Here are the patient education articles that are relevant to this topic. We encourage you to print or e-mail these topics to your patients. (You can also locate patient education articles on a variety of subjects by searching on "patient info" and the keyword(s) of interest.)
●Beyond the Basics topics (see "Patient education: Preeclampsia (Beyond the Basics)")
SUMMARY AND RECOMMENDATIONS
●Low-dose aspirin (preferred approach) – Low-dose aspirin is the only drug for which there is convincing evidence of benefit in reducing the risk of preeclampsia. (See 'Low-dose aspirin' above.)
•Candidates
-For women at high-risk of developing preeclampsia, we suggest low-dose aspirin prophylaxis (Grade 2B). At least a modest (≥10 percent) reduction in the incidence of preeclampsia and its sequelae (growth restriction, preterm birth) is possible. We base our selection of high-risk women on United States Preventive Services Task Force criteria. (See 'Selecting high risk women for prophylaxis' above and 'Other considerations' above.)

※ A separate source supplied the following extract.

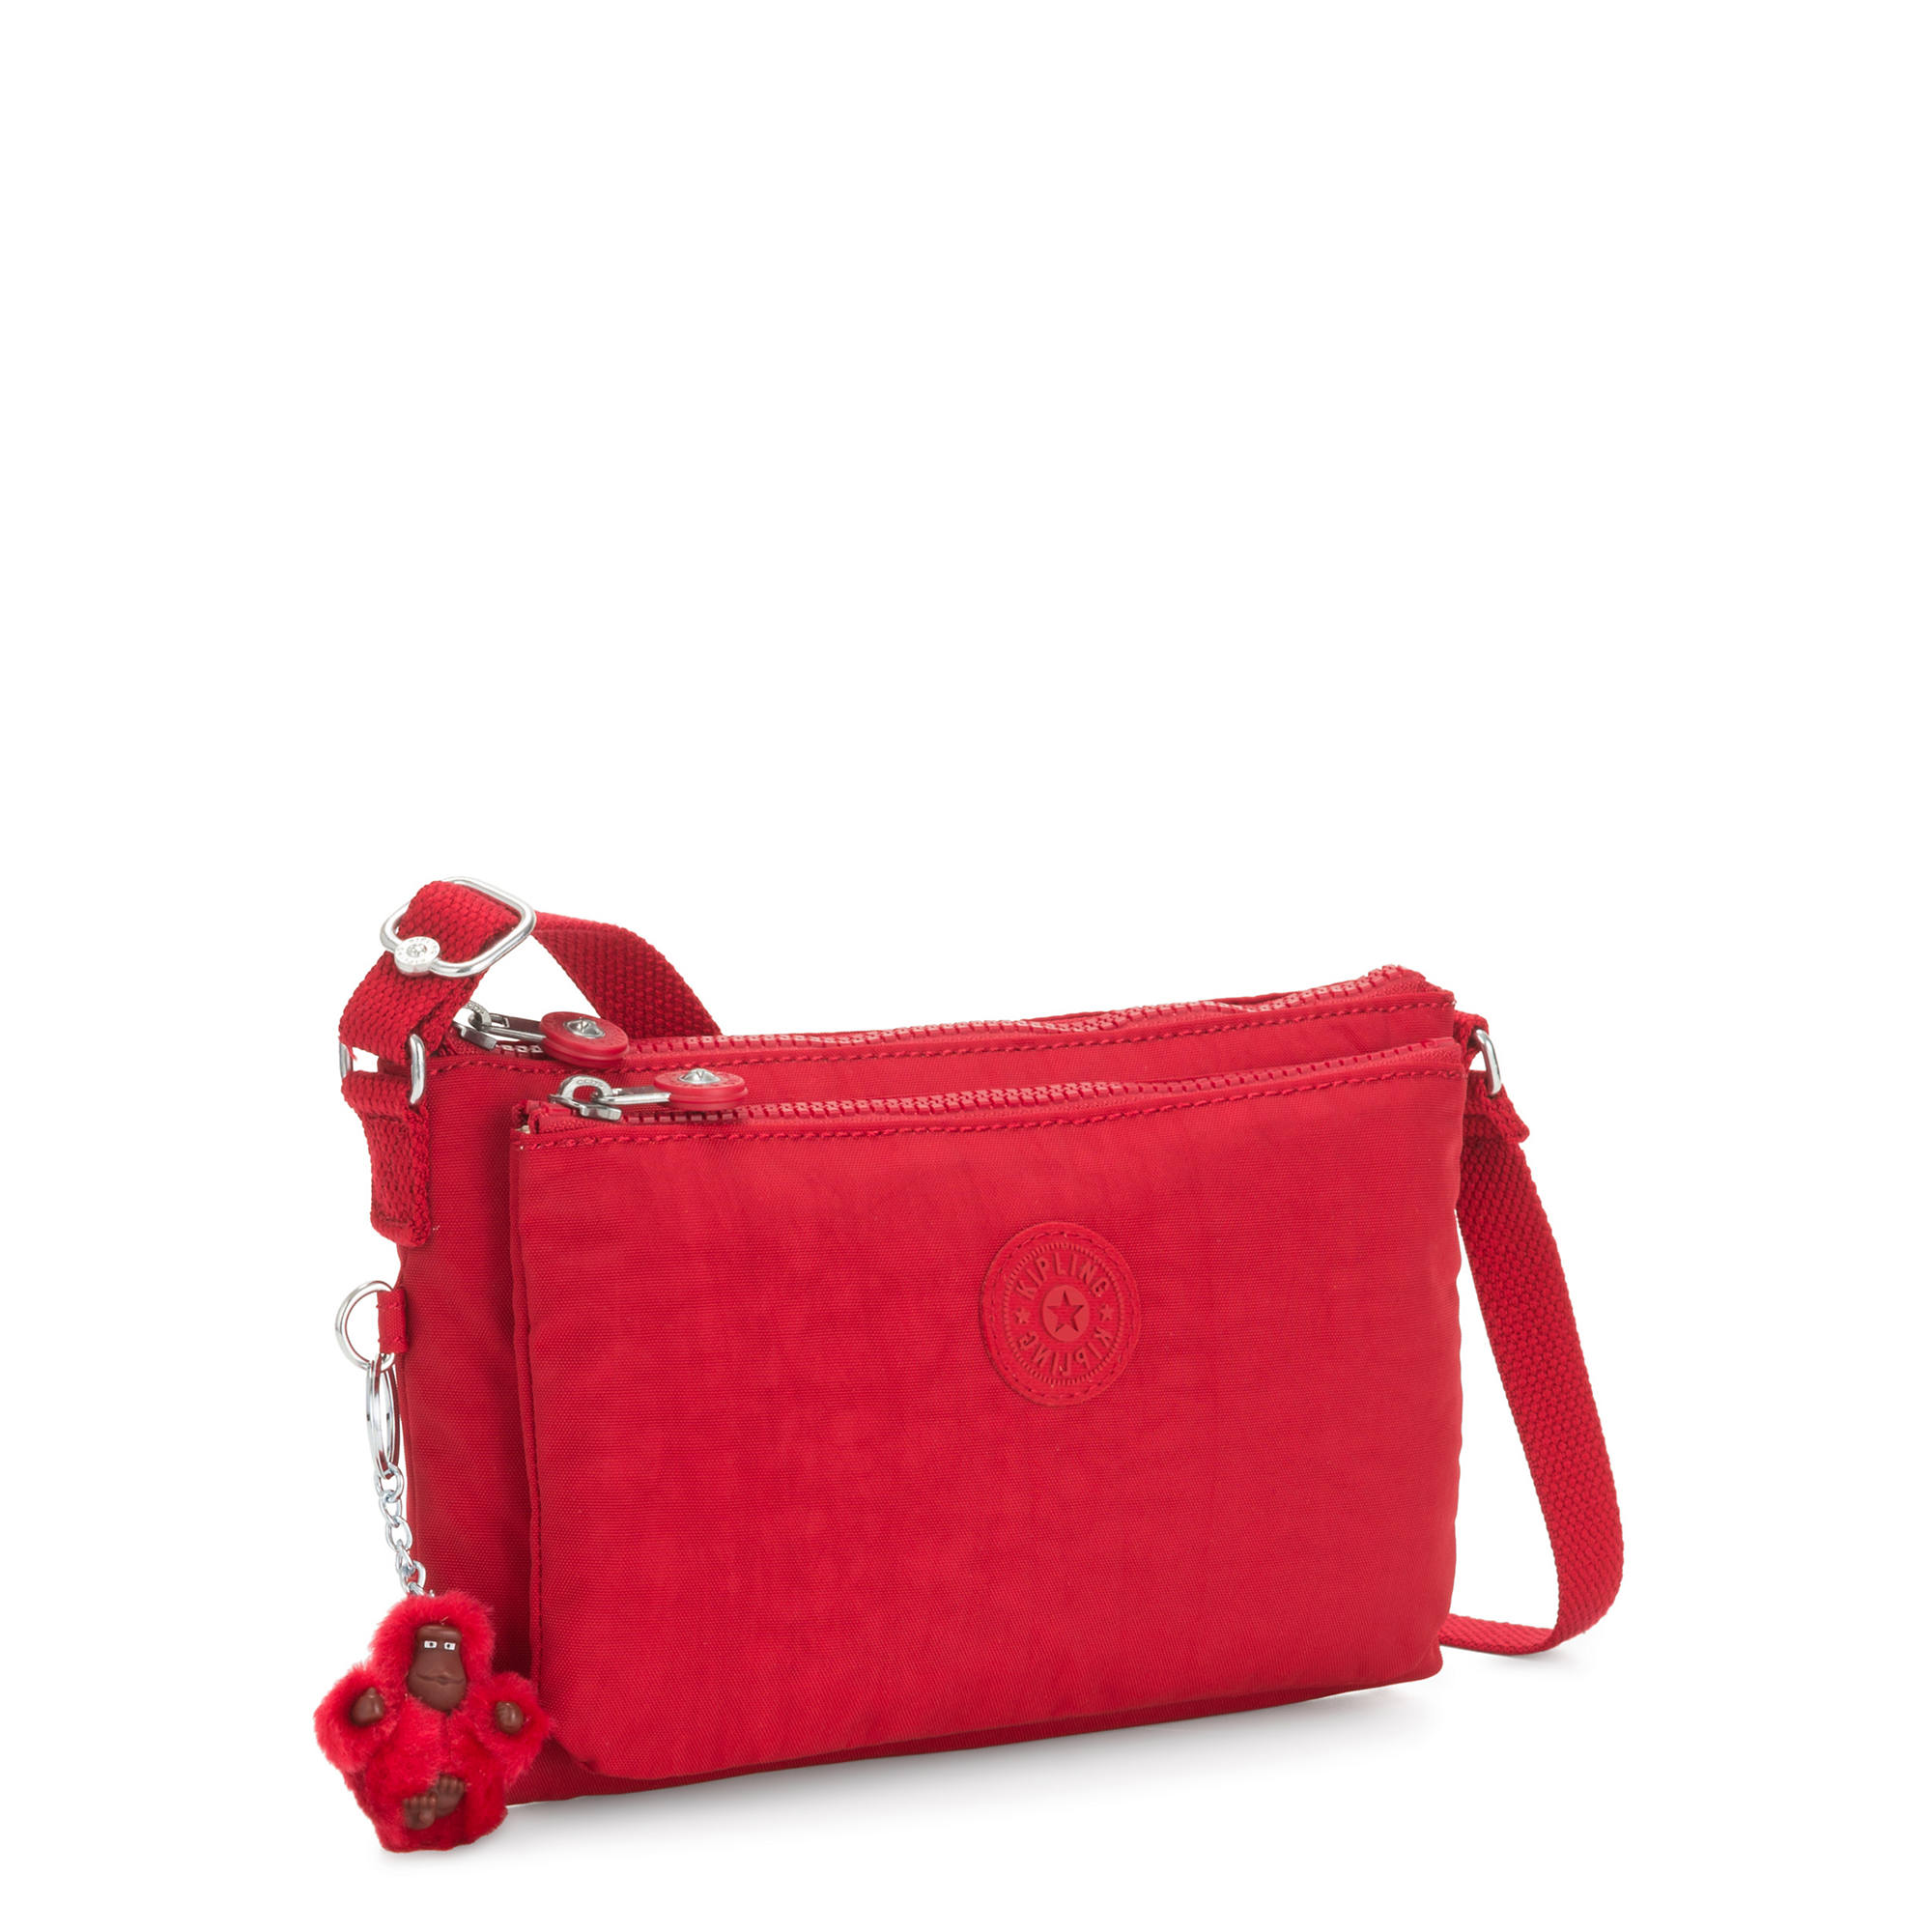 Inkmilan Red Rivet Box Crossbody Bag for Women: Buy Inkmilan Red

-For women at low risk of developing preeclampsia (eg, healthy nulliparous women), we recommend avoiding low-dose aspirin prophylaxis (Grade 1B). Pregnancy outcomes such as birth weight, fetal growth restriction, and length of gestation are similar to those in untreated women. (See 'Selecting high risk women for prophylaxis' above.)

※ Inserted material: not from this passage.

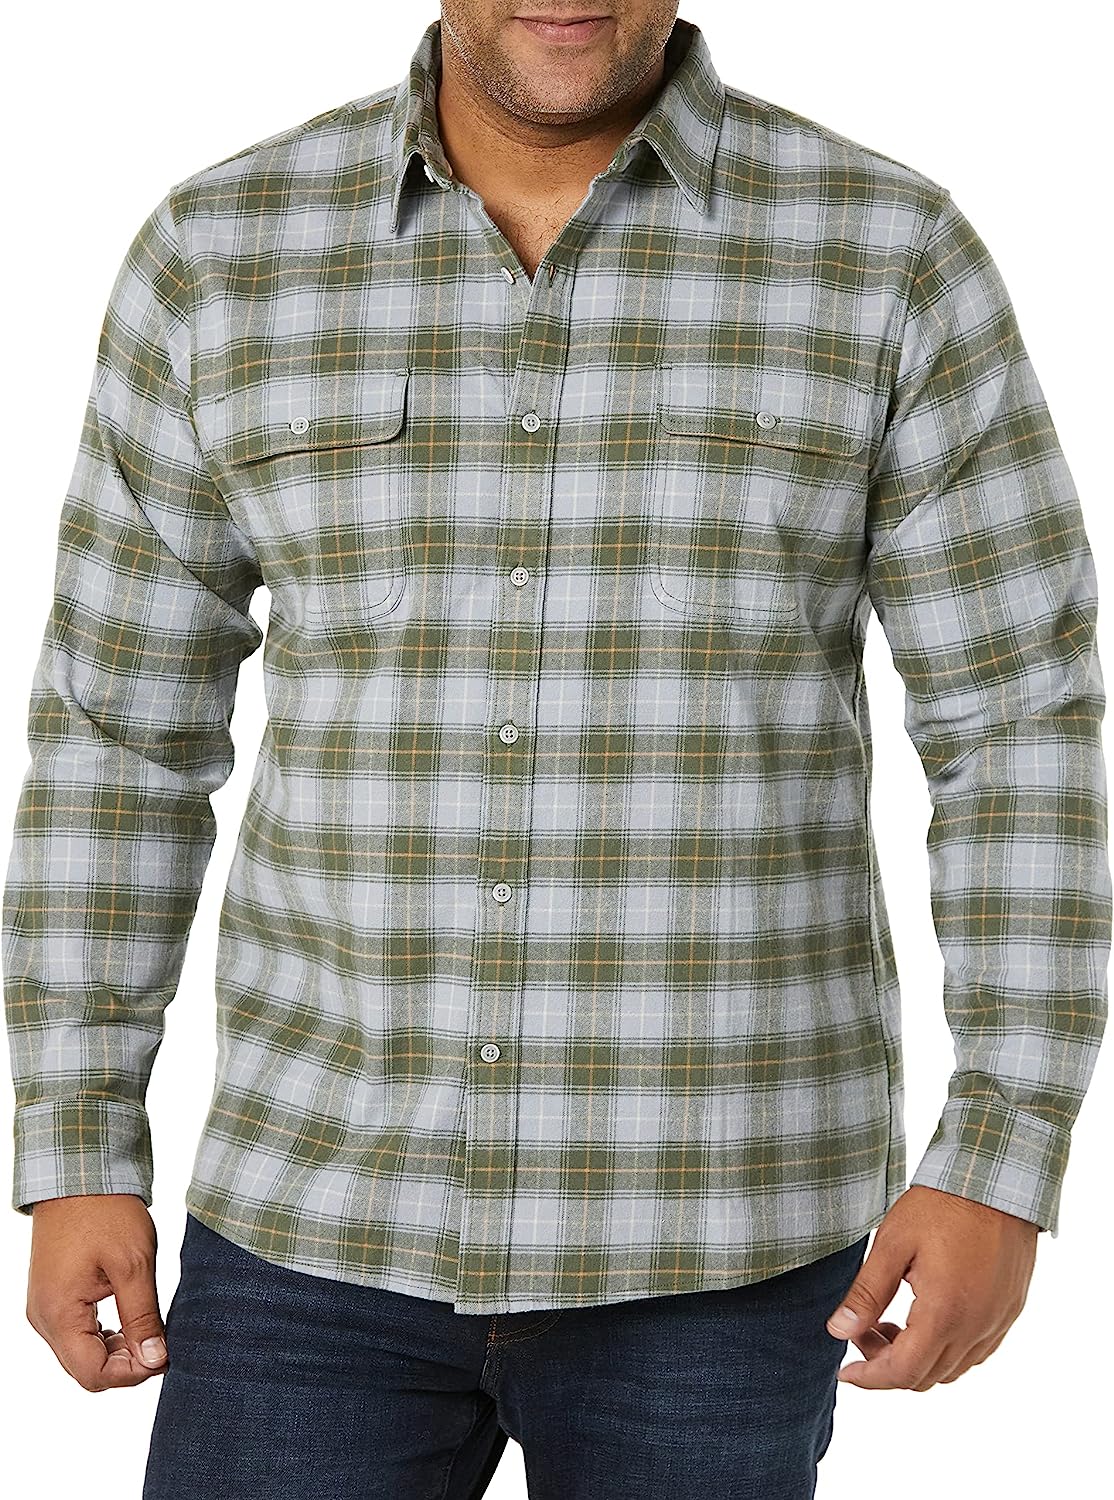 Goodthreads Men's Standard-Fit Long-Sleeve Stretch Flannel Shirt

•Administration and dose – We use aspirin 81 mg daily for prevention of preeclampsia in women at high risk. Emerging evidence suggests a benefit of doses of 100 to 150 mg, and possibly 162 mg. (See 'Dose' above.)
We begin aspirin in the 12th or 13th week of gestation and ideally prior to 16 weeks of gestation. We continue aspirin until delivery; some have suggested discontinuation at 36 weeks or 5 to 10 days prior to delivery to theoretically to diminish the risk of bleeding during delivery. (See 'Timing of initiation' above and 'Safety' above.)

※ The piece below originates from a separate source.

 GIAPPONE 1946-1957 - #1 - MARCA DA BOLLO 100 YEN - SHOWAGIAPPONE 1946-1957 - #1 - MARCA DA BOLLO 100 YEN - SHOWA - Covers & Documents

If aspirin is not initiated at the end of the first trimester, initiation after 16 weeks (but before symptoms develop) may also be effective. (See 'Timing of initiation' above.)
●Other approaches
•Calcium – In populations with low calcium intake, the World Health Organization recommends 1500 to 2000 mg elemental calcium supplementation per day for pregnant women to reduce the risk of preeclampsia, particularly those at higher risk of developing hypertension. For healthy women in the United States, we agree with the recommended daily allowance for elemental calcium advised in the United States: 1000 mg/day in pregnant and lactating women 19 to 50 years of age (1300 mg for girls 14 to 18 years old). We suggest not prescribing a higher intake via diet and/or supplements for women at high risk of developing preeclampsia (Grade 2C). (See 'Calcium supplementation' above.)
•Preconception weight loss – Preconception weight loss can reduce the risk of developing preeclampsia. Weight loss in overweight and obese women is recommended for a variety of reproductive, pregnancy, and health benefits. (See 'Weight loss' above.)
•Low molecular weight heparin – Available data do not conclusively support use of low molecular weight heparin prophylaxis in addition to low-dose aspirin to reduce the risk of preeclampsia or its sequelae, although these data are not definitive, and there are methodologic concerns with the published trials. (See 'Anticoagulation' above.)